Included language sets: Irish, German, Japanese, Chinese. This makes findings of this research cover cross-language as well as cross-cultural differences.
The proposed project investigates the influence of bilingualism on critical thinking (CT) with the related goals of (i) clarifying the impact of dealing with two languages on an individual’s thought processes; (ii) examining for differences in CT as a function of language ability, while controlling for the languages examined in the study.
Despite the belief that bilingualism negatively influences the development of verbal skills, research has shown that there is a broad field within human cognition that does benefit from second language acquisition. Positive outcomes have been found in relation to many cognitive tasks, including attention and executive functions.
Studying diverse language pairings makes findings of this research cover cross-language differences as well as cross-cultural differences which is very unusual in the research area.
The study aims to control for language. This will ensure findings that lead back to differences in cognitive performance as opposed to performance which differs due to semantic/syntactic differences between two languages. English- Irish bilinguals will be one set of participants, alongside German- English, Mandarin Chinese – Japanese and Japanese– English bilinguals. To recruit and test bilinguals in these groups, research cooperations are agreed with Kyushu University (Japan).
An assessment has been put together built upon the theory and definition of CT of one of the leading researchers in the area, Diane Halpern. The assessment was translated into various languages and is now being distributed for data collection.

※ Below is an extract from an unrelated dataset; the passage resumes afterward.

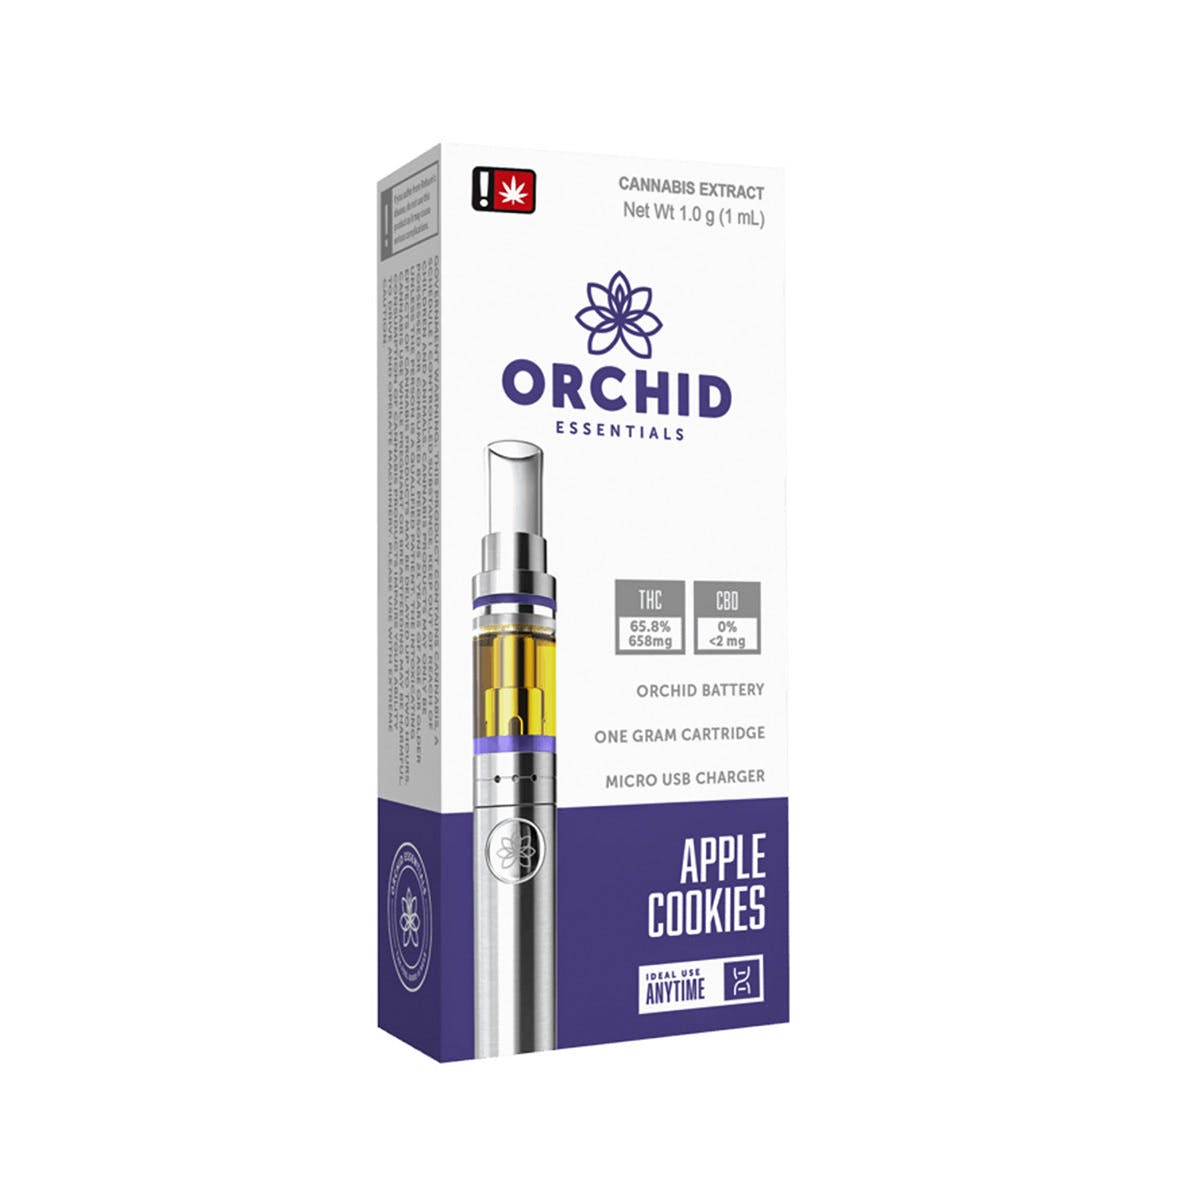 concentrate-orchid-essentials-apple-cookies-1g-kit

Data collection in Ireland is nearly finished, still ongoing in Germany and just started in Japan and China.
The assessment consists of a language background questionnaire followed by the CT scenarios. It’s online (surveygizmo) and available to participants all over the world, advertised through a website (www.bilingualthinking.weebly.com).
Outcomes of this research aim to highlight the extensive positive role of growing up speaking two languages on an individual and societal level.